April 26, 2016
Nestled between York Golf Club and Spring Hallow in the city of Worthington, Ohio, AltaSim established itself as a simulation consultant specializing in the use of COMSOL Multiphysics suite. But the company is also testing the waters in the emerging simulation app market, an offshoot of the industry’s desire to make simulation much more accessible to a wider user base.
Traditionally, the use of simulation revolves around general-purpose simulation software packages. The level of expertise required by this approach limits the pool of candidates who can use the technology. But the app-ification of simulation—the movement to encapsulate repeatable simulation tasks as simple, template-driven apps—broadens the playing field. It also leave room for simulation app developers—a new type of vendors.
AltaSim’s HeatSinkSim examplifies this trend. It also illustrates the complex relationships and partnerships that must exist to support the new usage paradigm.
To begin, AltaSim developed HeatSinkSim. In the creators’ own words, the app analyzes heat transfer “using conduction, convection, and radiation. Two levels of analyses are available: Level 1 analyzes a range of heat sink designs to identify optimum heat sink designs; Level 2 provides a detailed analysis of the optimum heat sink design and is automatically recommended when predicted temperatures approach component operating limits.”
HeatSinkSim is an app—a repeatable simulation operation—built to run on COMSOL Multiphysics. In other words, when a user pluck in the input parameters, the app uses COMSOL software to compute the answer in the background. This allows novice users with limited multiphysics simulation software expertise to bypass the need learn COMSOL software to set up the problem correctly.
COMSOL, the company behind the popular COMSOL Multiphysics software, also encourages the app-ification with the release of its COMSOL Server, which functions as the host for simulation apps.
HeatSinkSim app is distributed through AweSim, a public-private partnership created by the Ohio Supercomputer Center’s (OSC) Blue Collar Computing initiative. AweSim’s director Alan Chalker said, “Simulation-driven design replaces physical product prototyping with less expensive computer simulations, reducing the time to take products to market, while improving quality and cutting costs. Smaller manufacturers largely are missing out on this advantage, because they cannot afford to leverage such solutions. We aim to level the playing field, giving the smaller companies equal access.”

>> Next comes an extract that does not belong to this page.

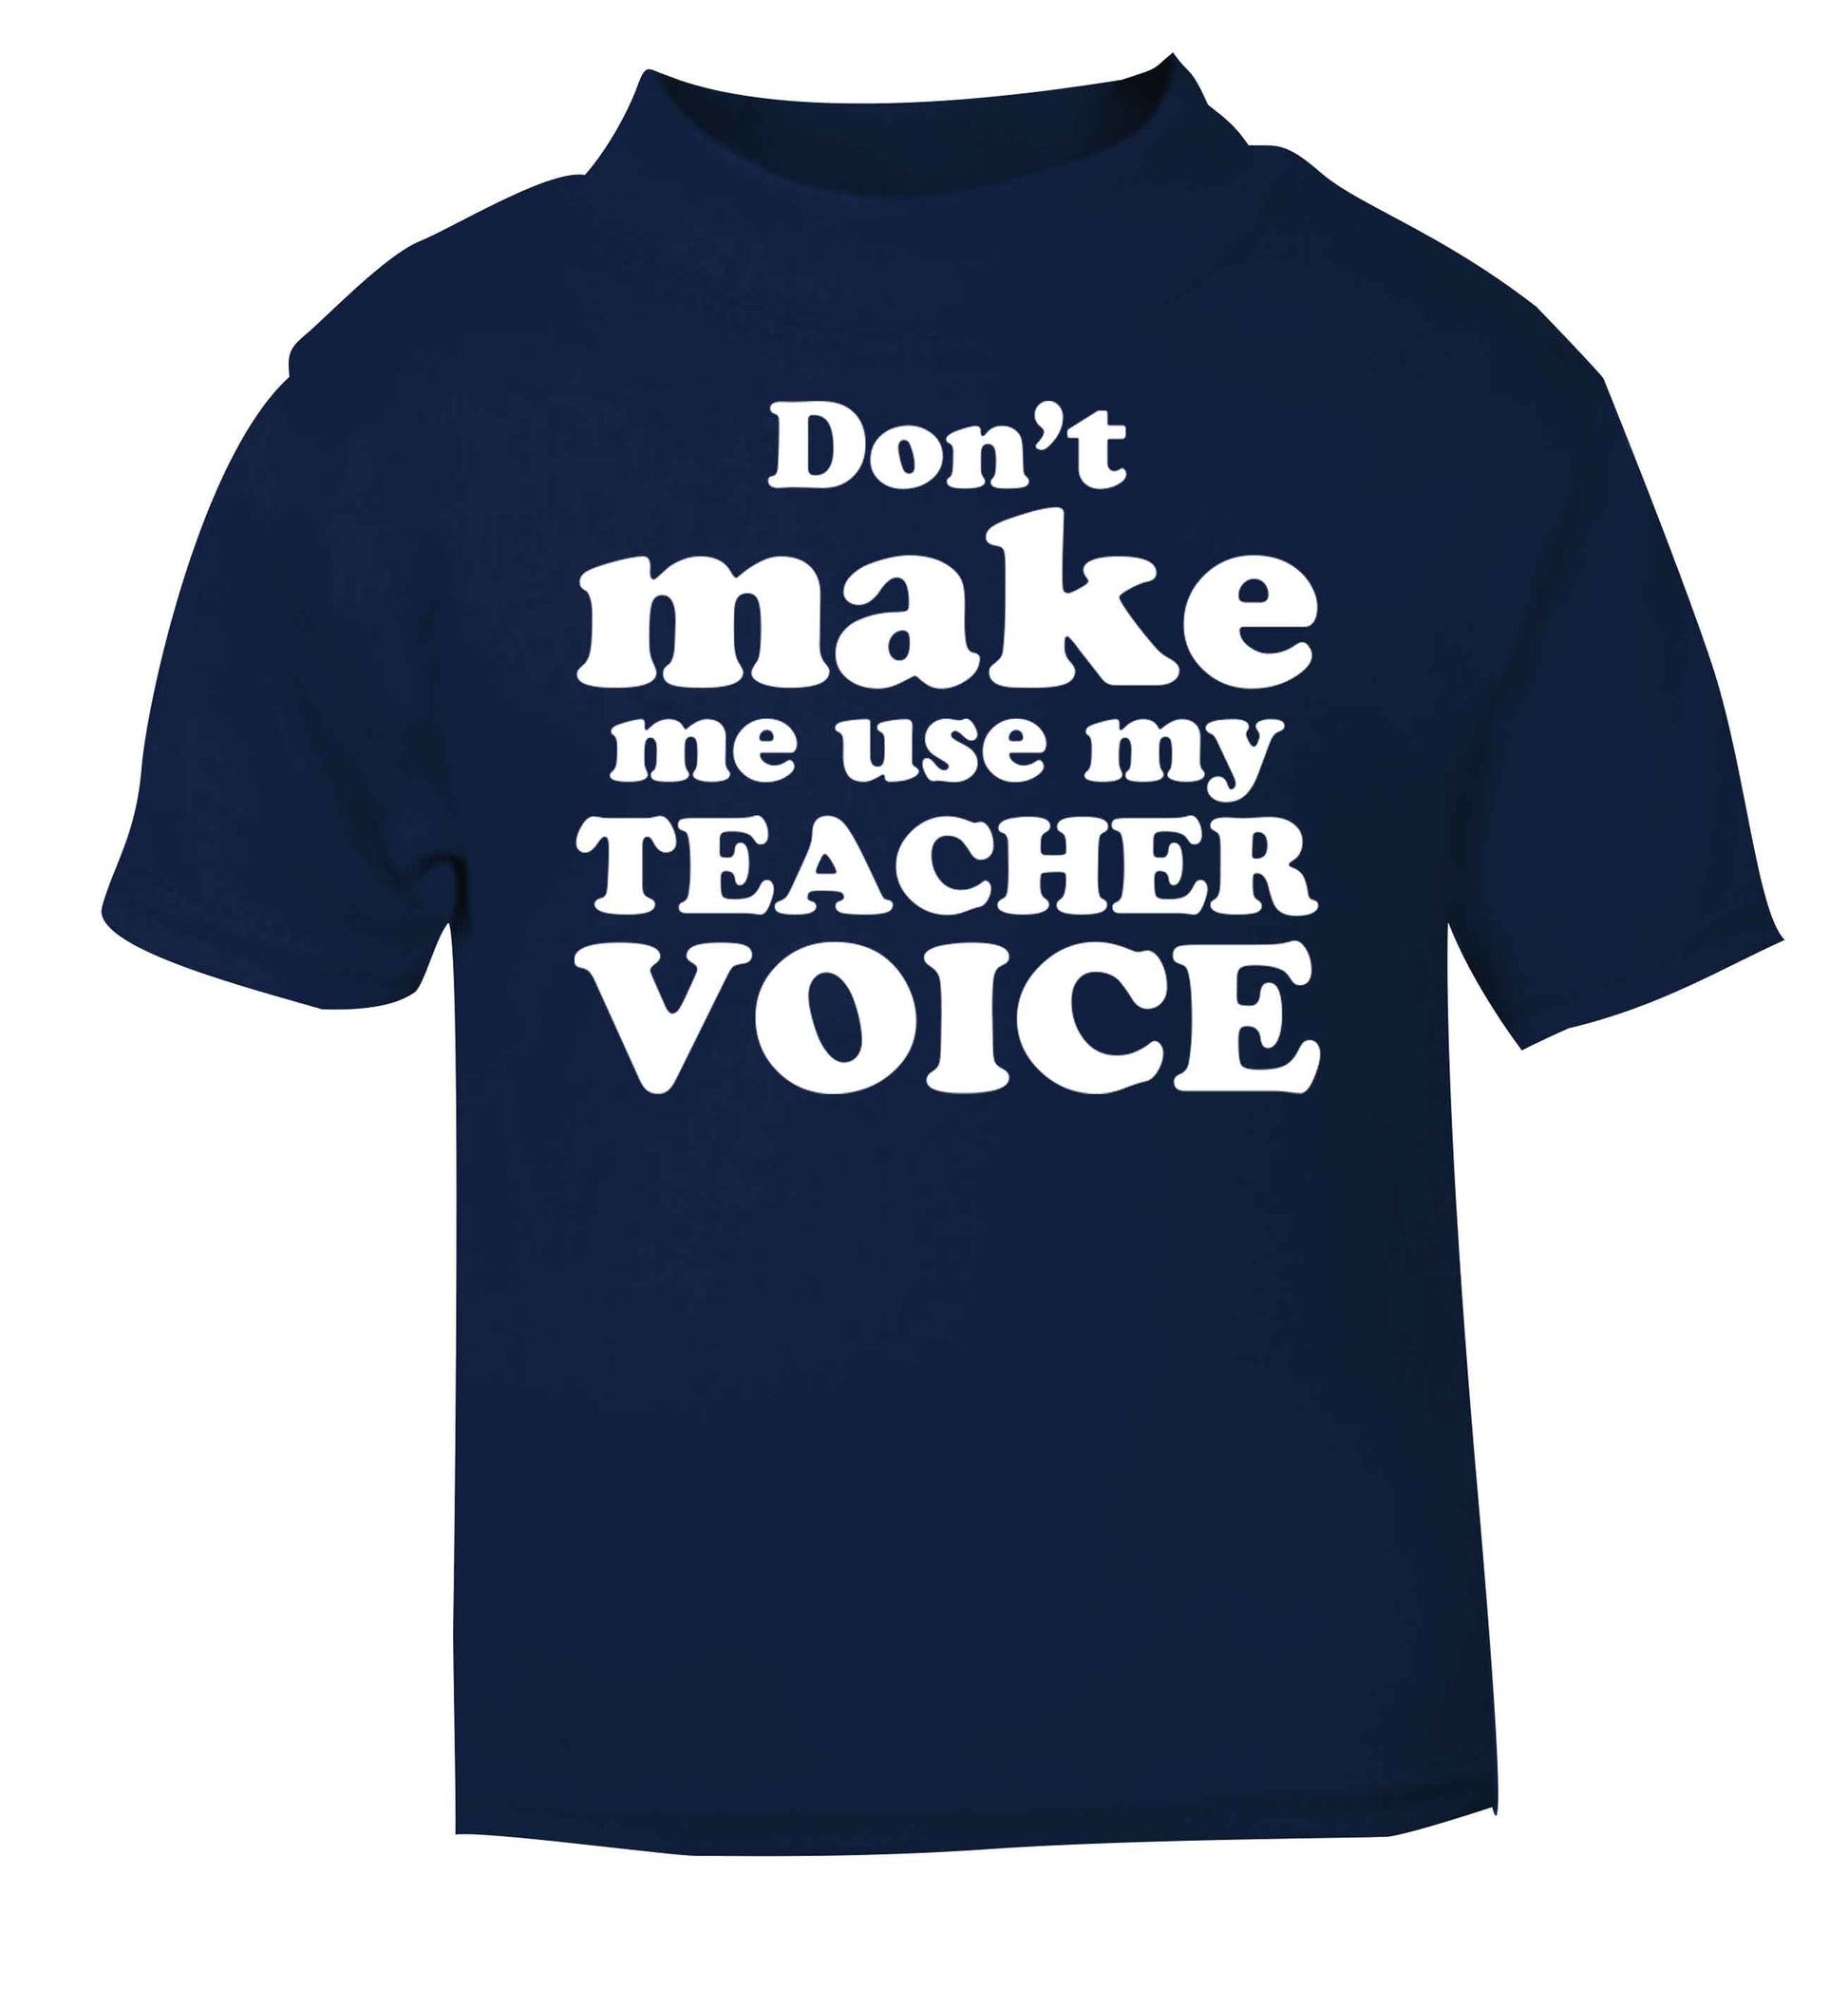 Don't make me use my teacher voice navy baby toddler Tshirt 2 Years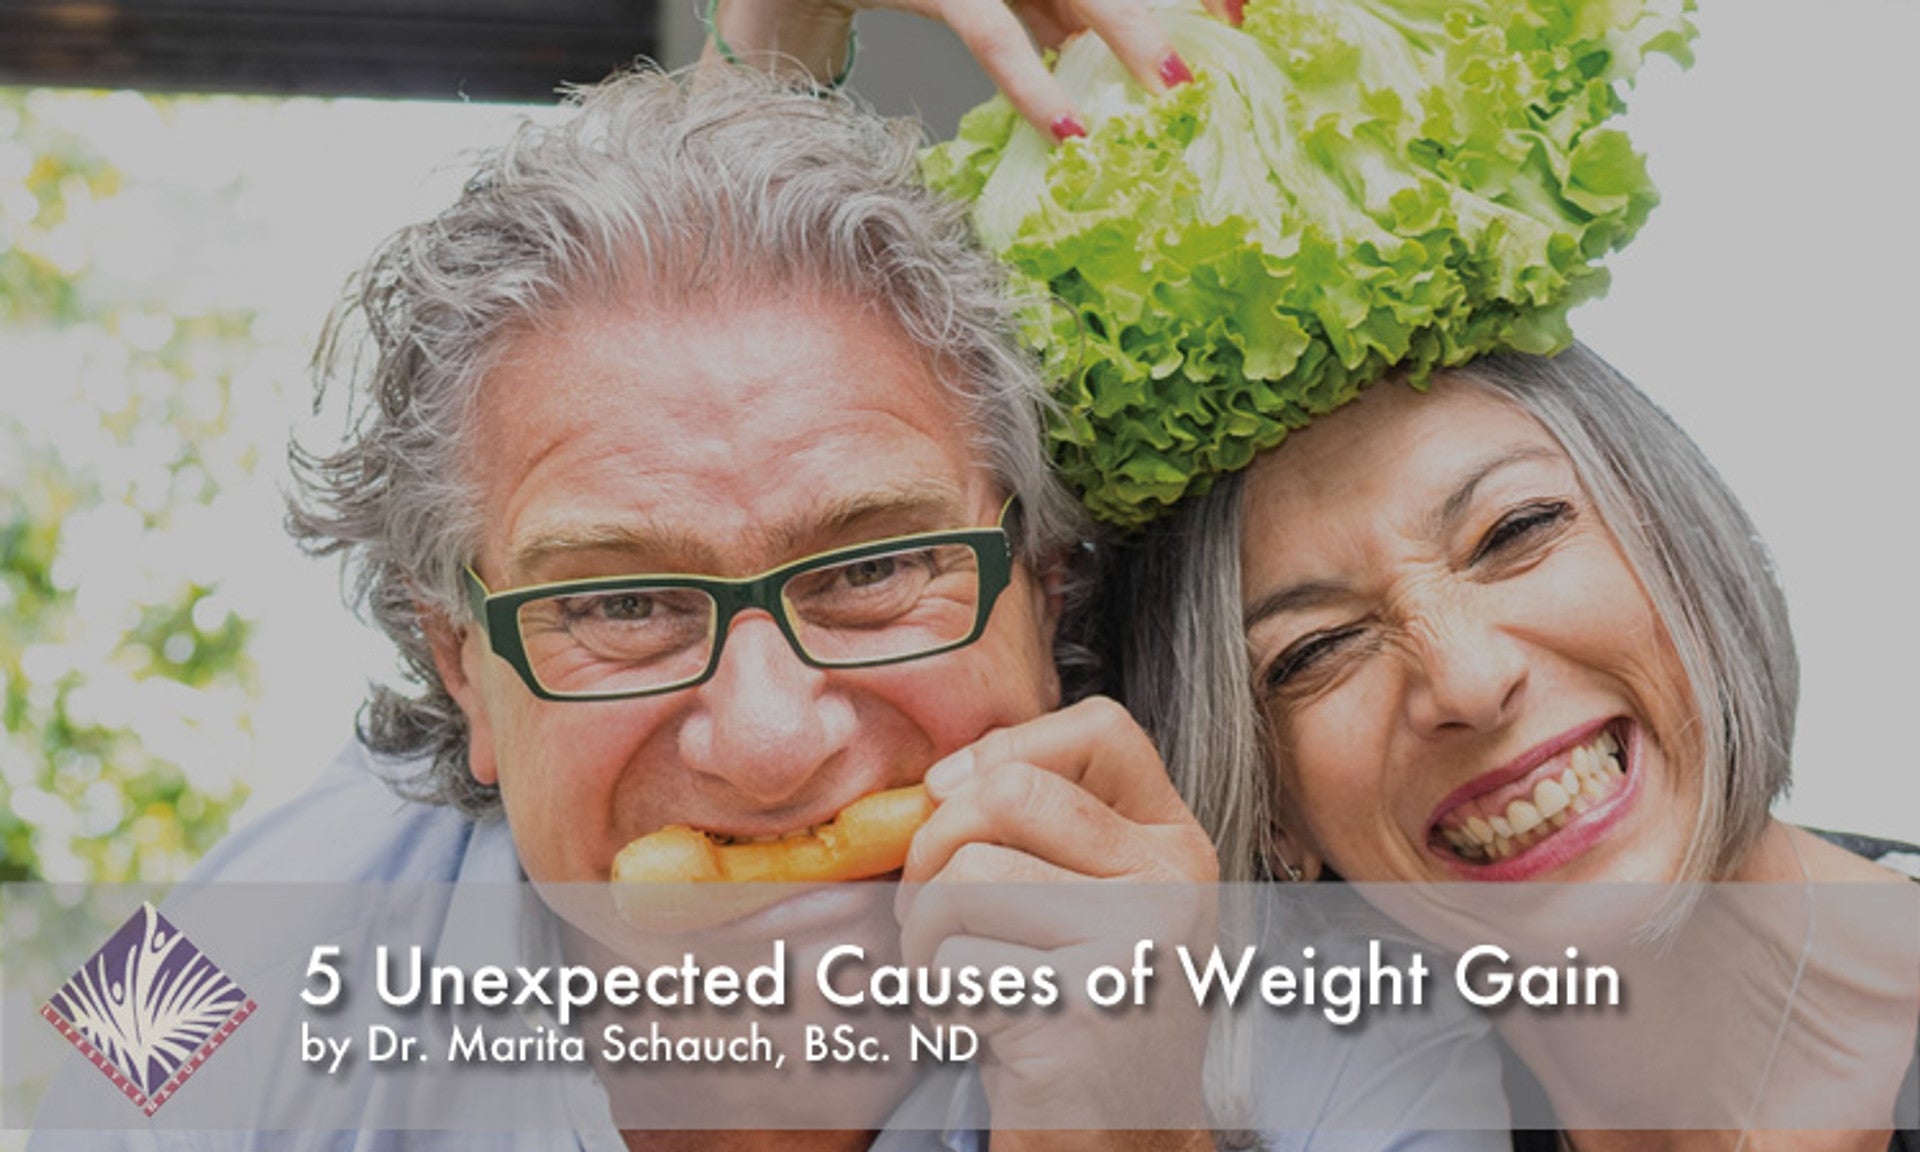 5 Unexpected Causes of Weight Gain

Note: For more, listen to a recent DE roundtable chat with AweSim’s Alan Chalker, now available online here.
The shift to simulation apps is one way to level the playing field, both in the cost and the skill required to use simulation. But the simulation app market is still in its infancy; therefore, it’s difficult to gauge its commercial strength.
At the present, there’s no established pricing or licensing norm for app-style simulation usage. So the app developer, the app distributor, the general-purpose simulation software maker, and the hardware infrastructure provider must negotiate an economically viable revenue-sharing scheme among themselves.
At the same time, identifying app-ification opportunities and pricing the app fairly remain a challenge for app developers. A simulation app that’s expected to draw high-volume usage (for example, a cell-phone drop-test app) may be sold at a relatively low cost. On the other hand, an app to simulate a rare but unavoidable crisis (for example, a nuclear reactor meltdown simulator) needs a different pricing model.
Jeff Crompton, AltaSim’s principle consultant, said, “HeatSinkSim has just finished beta-testing, so we currently have no numbers on sales or usage.” He clarified that the app can be installed in a desktop PC, run remotely through a browser, or run on remote hardware. It’s available for purchase, short term lease, or pay-per-use licensing.